- **ASSIGNMENT**:
Search each line of the data for the word "architecture"; copy every line where it is found.

- **TASK MATERIAL**:
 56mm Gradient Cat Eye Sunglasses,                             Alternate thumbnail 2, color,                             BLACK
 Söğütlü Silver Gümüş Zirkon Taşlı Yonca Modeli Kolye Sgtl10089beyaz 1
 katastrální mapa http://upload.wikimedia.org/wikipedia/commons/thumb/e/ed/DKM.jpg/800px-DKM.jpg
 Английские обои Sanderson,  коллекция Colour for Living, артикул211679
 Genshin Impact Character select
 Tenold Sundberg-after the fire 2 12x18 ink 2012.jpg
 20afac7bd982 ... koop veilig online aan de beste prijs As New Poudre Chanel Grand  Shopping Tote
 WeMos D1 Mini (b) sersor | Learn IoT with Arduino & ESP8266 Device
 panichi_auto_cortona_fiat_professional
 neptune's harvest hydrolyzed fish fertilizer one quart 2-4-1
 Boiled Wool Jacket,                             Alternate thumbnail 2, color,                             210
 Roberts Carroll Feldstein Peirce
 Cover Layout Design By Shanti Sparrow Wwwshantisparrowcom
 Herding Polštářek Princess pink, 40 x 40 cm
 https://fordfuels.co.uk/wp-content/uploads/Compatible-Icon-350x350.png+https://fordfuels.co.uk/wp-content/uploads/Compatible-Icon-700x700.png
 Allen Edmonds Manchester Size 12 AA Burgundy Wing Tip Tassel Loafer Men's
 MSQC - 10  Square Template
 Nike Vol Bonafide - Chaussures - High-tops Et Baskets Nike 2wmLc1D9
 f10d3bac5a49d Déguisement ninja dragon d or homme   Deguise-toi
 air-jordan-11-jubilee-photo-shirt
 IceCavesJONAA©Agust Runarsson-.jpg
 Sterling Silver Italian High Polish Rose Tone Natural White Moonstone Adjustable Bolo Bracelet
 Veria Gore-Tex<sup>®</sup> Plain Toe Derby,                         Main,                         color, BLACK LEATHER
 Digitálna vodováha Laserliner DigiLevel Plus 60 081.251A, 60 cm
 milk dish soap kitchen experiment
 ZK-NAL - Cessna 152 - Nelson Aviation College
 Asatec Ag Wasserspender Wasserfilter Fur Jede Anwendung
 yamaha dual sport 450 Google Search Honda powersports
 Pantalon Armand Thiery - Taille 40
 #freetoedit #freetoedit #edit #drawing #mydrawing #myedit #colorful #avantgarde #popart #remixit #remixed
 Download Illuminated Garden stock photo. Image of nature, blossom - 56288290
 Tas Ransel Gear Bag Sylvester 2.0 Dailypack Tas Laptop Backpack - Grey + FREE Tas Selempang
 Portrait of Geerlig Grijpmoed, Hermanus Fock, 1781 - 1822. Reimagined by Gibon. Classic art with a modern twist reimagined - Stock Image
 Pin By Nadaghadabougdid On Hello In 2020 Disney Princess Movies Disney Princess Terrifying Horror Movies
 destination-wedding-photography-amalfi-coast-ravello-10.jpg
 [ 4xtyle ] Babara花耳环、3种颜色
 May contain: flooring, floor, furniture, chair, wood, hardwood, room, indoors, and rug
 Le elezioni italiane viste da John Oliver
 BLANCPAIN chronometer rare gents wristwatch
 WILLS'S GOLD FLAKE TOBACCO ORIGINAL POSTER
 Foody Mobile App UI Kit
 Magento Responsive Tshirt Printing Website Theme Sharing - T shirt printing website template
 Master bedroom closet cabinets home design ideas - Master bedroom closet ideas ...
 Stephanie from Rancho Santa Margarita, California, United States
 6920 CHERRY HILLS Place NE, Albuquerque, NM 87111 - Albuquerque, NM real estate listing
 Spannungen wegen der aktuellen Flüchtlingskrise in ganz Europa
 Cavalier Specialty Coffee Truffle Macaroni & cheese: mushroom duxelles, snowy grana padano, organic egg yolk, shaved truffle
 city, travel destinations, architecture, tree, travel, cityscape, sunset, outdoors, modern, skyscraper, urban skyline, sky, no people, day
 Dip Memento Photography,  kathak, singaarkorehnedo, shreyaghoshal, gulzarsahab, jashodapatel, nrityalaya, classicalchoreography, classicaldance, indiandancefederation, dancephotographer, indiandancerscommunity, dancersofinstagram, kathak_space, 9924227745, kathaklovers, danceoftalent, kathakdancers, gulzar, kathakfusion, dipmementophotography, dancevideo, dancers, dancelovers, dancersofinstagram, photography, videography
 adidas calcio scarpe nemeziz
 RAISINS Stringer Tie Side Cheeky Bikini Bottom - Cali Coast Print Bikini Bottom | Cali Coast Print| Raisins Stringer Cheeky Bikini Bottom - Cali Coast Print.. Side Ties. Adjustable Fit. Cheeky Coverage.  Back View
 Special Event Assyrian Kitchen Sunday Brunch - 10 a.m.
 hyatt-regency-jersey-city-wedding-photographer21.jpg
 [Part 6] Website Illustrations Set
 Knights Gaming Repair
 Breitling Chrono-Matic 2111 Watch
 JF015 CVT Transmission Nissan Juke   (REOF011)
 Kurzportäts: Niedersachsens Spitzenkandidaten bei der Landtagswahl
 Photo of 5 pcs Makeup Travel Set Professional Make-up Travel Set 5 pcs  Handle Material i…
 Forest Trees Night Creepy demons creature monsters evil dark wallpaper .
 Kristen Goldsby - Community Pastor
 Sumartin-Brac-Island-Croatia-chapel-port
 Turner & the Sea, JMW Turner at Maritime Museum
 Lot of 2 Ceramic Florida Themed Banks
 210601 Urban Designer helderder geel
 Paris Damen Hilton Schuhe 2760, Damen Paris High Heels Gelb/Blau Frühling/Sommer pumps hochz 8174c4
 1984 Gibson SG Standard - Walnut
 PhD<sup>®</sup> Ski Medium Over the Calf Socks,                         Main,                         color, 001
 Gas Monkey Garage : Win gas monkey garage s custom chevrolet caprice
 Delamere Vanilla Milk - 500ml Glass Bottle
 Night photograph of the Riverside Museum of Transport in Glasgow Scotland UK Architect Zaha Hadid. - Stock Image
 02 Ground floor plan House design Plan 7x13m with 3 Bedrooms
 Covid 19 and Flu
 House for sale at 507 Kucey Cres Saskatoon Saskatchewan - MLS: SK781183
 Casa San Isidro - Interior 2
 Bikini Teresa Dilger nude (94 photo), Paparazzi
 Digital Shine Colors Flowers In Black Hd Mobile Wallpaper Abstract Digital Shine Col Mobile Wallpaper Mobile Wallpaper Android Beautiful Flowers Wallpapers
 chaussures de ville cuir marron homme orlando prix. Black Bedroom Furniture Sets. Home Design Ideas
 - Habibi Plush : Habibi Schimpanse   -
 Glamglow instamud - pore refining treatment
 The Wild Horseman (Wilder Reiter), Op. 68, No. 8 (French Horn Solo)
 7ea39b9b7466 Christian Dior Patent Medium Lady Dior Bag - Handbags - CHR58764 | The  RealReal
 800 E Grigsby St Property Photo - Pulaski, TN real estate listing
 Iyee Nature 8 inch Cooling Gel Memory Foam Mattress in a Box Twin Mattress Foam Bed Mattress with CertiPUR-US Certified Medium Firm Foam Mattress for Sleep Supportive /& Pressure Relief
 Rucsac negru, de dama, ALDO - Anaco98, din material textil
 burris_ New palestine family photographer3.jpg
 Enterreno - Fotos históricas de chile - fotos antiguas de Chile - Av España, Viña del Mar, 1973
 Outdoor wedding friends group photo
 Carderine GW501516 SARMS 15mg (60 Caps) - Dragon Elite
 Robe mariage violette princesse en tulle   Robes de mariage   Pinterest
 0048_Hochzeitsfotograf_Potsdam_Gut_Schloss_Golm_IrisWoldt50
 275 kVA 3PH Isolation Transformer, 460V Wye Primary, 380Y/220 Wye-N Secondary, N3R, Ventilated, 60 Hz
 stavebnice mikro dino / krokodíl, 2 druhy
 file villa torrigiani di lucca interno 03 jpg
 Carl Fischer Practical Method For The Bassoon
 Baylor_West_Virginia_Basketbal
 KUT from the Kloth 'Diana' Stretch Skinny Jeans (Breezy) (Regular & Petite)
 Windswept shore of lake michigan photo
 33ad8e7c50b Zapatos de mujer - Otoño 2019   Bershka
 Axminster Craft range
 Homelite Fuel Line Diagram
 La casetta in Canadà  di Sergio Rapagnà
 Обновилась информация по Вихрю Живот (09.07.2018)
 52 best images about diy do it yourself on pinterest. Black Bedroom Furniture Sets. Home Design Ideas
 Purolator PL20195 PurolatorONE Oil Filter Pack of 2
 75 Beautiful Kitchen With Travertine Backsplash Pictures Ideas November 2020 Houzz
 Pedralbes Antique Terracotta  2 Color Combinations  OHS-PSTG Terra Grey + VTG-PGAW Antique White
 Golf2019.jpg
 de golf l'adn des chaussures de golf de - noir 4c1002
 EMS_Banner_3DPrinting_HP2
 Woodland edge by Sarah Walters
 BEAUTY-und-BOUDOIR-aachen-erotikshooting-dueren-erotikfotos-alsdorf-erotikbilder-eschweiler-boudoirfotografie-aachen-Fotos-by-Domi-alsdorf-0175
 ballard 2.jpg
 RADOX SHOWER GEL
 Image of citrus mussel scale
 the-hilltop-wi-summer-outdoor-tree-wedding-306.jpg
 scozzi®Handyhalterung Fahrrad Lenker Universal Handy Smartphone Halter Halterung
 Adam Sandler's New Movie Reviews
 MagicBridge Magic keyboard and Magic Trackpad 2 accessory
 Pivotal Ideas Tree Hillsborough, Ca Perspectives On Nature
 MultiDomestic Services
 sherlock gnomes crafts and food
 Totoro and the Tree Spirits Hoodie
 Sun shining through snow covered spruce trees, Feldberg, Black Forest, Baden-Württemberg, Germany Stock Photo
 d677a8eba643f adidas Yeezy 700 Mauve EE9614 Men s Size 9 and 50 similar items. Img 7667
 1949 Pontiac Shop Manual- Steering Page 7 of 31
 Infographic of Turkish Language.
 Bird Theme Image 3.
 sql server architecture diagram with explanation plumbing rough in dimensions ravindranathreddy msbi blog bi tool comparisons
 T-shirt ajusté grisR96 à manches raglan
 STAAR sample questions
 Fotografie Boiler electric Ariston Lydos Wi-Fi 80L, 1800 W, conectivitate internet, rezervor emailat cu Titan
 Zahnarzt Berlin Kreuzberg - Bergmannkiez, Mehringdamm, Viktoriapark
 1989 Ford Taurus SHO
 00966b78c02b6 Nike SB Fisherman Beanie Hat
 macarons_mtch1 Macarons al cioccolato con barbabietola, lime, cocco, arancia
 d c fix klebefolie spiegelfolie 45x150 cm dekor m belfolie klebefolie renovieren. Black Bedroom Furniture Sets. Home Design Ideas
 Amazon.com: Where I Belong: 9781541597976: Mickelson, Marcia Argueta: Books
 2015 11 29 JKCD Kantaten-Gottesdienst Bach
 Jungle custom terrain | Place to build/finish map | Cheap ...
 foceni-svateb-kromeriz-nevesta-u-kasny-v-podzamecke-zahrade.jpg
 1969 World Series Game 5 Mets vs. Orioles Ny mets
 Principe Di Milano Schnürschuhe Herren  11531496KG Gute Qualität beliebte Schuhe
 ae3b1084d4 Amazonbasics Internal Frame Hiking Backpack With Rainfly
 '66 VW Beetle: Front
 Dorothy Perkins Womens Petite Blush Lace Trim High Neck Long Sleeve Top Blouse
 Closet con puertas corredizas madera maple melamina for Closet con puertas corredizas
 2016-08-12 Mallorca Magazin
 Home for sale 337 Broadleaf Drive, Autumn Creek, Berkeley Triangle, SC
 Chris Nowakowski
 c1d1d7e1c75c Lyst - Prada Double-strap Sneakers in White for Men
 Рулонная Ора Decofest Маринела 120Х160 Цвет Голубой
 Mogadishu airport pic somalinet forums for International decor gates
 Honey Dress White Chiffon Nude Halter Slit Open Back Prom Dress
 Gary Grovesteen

- **ANSWER TO THIS TASK**:
 city, travel destinations, architecture, tree, travel, cityscape, sunset, outdoors, modern, skyscraper, urban skyline, sky, no people, day
 sql server architecture diagram with explanation plumbing rough in dimensions ravindranathreddy msbi blog bi tool comparisons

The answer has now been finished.